L’Organisation des Nations unies franchit une étape majeure dans la gouvernance mondiale de l’intelligence artificielle. Le Secrétaire général de l’ONU, Antonio Guterres, a annoncé ce mercredi la mise en place du tout premier Panel scientifique international indépendant sur l’IA. Parmi les 40 experts de renommée mondiale sélectionnés figure la chercheuse sénégalaise Dr Adji Bousso Dieng, saluée pour l’excellence de ses travaux.
Dr Dieng rejoint un cercle restreint de personnalités scientifiques et intellectuelles de premier plan, aux côtés notamment de Yoshua Bengio, lauréat du prix Turing, et de Maria Ressa, prix Nobel de la Paix. Inspiré du modèle du GIEC pour le climat, ce panel ambitionne de devenir la référence scientifique mondiale en matière d’intelligence artificielle.
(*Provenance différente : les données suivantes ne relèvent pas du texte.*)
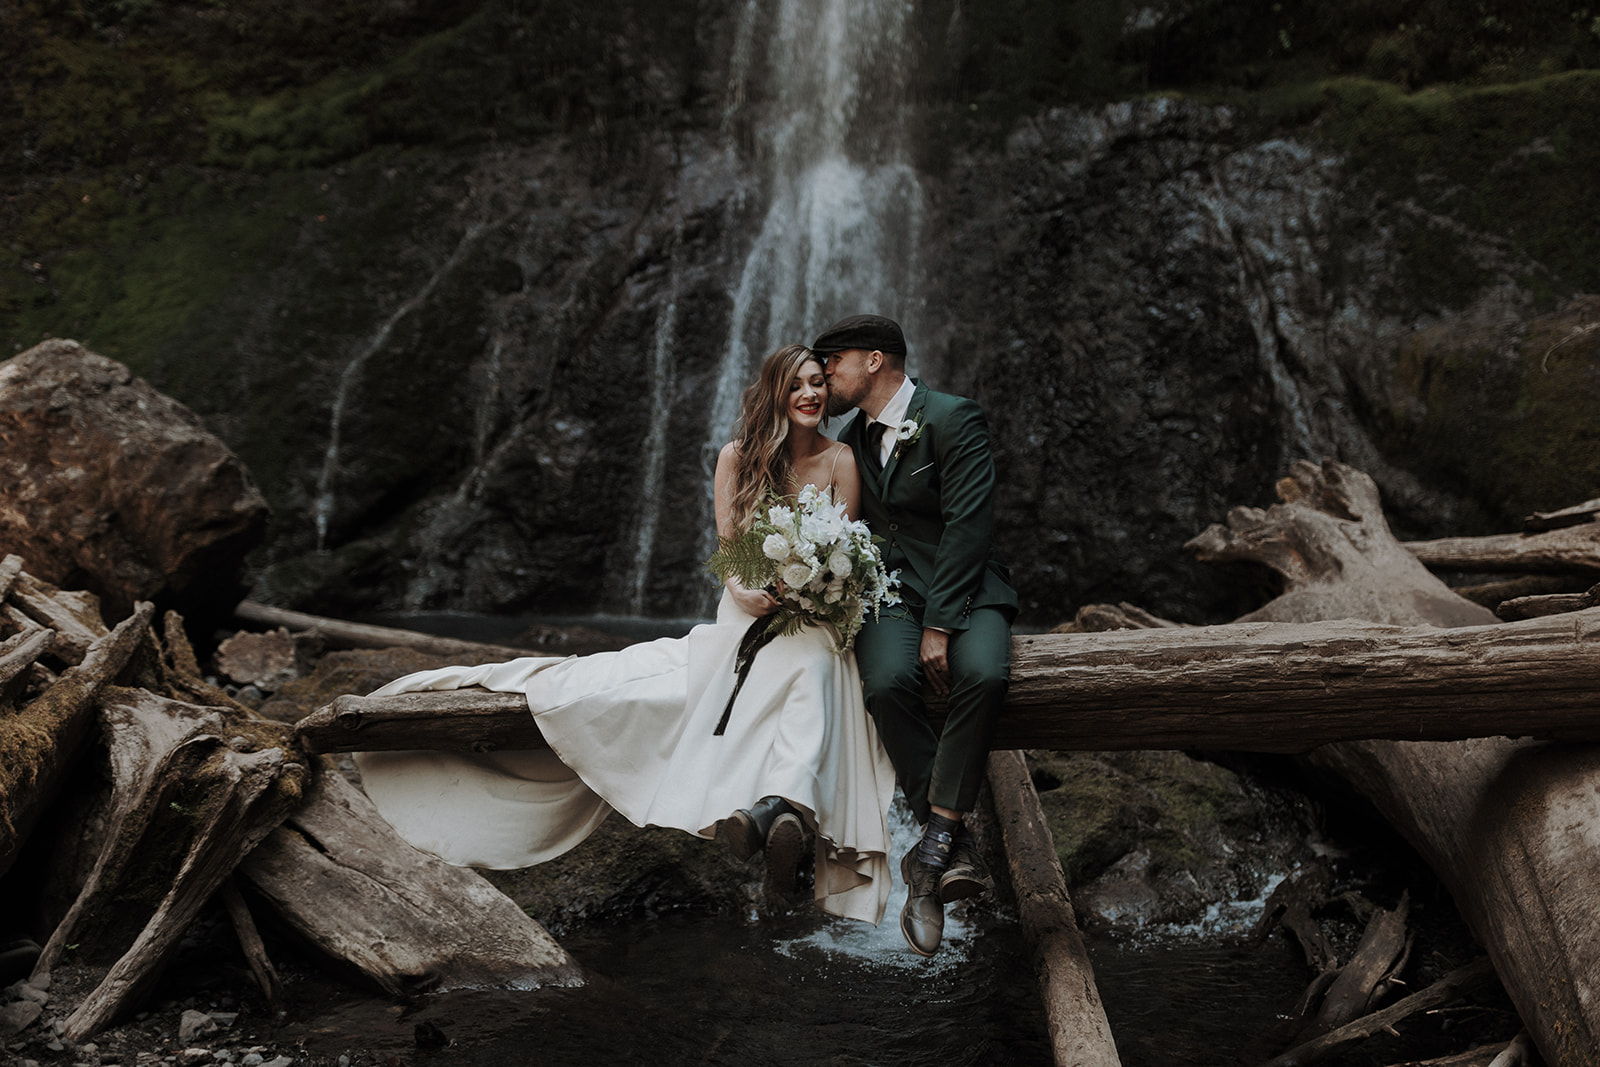 A wedding couple with the groom in a green suit sitting on a log at Marymere Falls in Washington in Olympic National Park.

Présentant cette initiative lors d’une conférence de presse, Antonio Guterres a souligné qu’elle s’inscrit dans la mise en œuvre du « Pacte pour l’Avenir », récemment adopté par les États membres. Le panel aura pour mission de réduire les lacunes en matière de connaissances et d’évaluer de manière rigoureuse les impacts économiques, sociaux et sociétaux de l’IA.
« L’intelligence artificielle évolue à une vitesse fulgurante. Aucun pays ne peut, à lui seul, en saisir toutes les dimensions. Une compréhension partagée est indispensable pour mettre en place des garde-fous efficaces », a insisté le Secrétaire général.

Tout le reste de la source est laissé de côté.